TASK STATEMENT:
Below are the entries; give again exactly the lines from the one mentioning "Cyklistická přilba GIRO RIFT, černá a modrá" through the one mentioning "Hombre de Chaqueta", inclusive.

- - -

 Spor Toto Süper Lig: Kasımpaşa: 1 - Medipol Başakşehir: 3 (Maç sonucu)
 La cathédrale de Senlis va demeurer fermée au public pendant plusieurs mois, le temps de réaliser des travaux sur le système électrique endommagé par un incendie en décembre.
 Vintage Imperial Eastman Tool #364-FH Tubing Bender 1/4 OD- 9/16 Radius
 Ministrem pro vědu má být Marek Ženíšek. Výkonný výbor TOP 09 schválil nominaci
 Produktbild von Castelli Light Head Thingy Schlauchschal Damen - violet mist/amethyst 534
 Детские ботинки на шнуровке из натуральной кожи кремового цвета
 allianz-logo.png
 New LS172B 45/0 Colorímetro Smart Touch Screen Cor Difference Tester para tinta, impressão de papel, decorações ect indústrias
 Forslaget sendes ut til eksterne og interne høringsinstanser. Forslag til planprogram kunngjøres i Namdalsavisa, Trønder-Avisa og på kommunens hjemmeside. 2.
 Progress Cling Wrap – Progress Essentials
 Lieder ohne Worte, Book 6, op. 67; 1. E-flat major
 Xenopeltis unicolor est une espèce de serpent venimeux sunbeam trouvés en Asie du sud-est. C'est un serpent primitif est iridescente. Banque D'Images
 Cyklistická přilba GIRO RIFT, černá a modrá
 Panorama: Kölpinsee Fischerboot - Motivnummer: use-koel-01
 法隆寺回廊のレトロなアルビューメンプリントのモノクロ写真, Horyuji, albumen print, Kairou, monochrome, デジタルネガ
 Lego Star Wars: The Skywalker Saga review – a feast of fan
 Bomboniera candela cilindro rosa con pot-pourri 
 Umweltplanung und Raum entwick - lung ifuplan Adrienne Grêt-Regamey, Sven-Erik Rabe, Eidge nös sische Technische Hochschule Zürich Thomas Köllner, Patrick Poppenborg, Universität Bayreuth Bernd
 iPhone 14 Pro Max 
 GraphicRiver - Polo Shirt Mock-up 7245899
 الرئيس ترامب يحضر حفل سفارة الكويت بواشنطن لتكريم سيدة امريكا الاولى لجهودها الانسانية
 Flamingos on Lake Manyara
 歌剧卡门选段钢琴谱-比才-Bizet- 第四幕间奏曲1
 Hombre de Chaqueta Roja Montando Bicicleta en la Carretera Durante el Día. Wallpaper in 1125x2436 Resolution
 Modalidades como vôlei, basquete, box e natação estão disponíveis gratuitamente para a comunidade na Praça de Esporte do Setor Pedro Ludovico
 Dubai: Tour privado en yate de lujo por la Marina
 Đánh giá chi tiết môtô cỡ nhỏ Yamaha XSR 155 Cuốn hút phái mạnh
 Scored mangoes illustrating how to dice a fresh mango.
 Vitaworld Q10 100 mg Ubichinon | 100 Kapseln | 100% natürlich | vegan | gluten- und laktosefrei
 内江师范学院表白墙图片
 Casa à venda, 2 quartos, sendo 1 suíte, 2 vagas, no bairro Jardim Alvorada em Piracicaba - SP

- - -

SOLUTION FOR THIS EXERCISE:
 Cyklistická přilba GIRO RIFT, černá a modrá
 Panorama: Kölpinsee Fischerboot - Motivnummer: use-koel-01
 法隆寺回廊のレトロなアルビューメンプリントのモノクロ写真, Horyuji, albumen print, Kairou, monochrome, デジタルネガ
 Lego Star Wars: The Skywalker Saga review – a feast of fan
 Bomboniera candela cilindro rosa con pot-pourri 
 Umweltplanung und Raum entwick - lung ifuplan Adrienne Grêt-Regamey, Sven-Erik Rabe, Eidge nös sische Technische Hochschule Zürich Thomas Köllner, Patrick Poppenborg, Universität Bayreuth Bernd
 iPhone 14 Pro Max 
 GraphicRiver - Polo Shirt Mock-up 7245899
 الرئيس ترامب يحضر حفل سفارة الكويت بواشنطن لتكريم سيدة امريكا الاولى لجهودها الانسانية
 Flamingos on Lake Manyara
 歌剧卡门选段钢琴谱-比才-Bizet- 第四幕间奏曲1
 Hombre de Chaqueta Roja Montando Bicicleta en la Carretera Durante el Día. Wallpaper in 1125x2436 Resolution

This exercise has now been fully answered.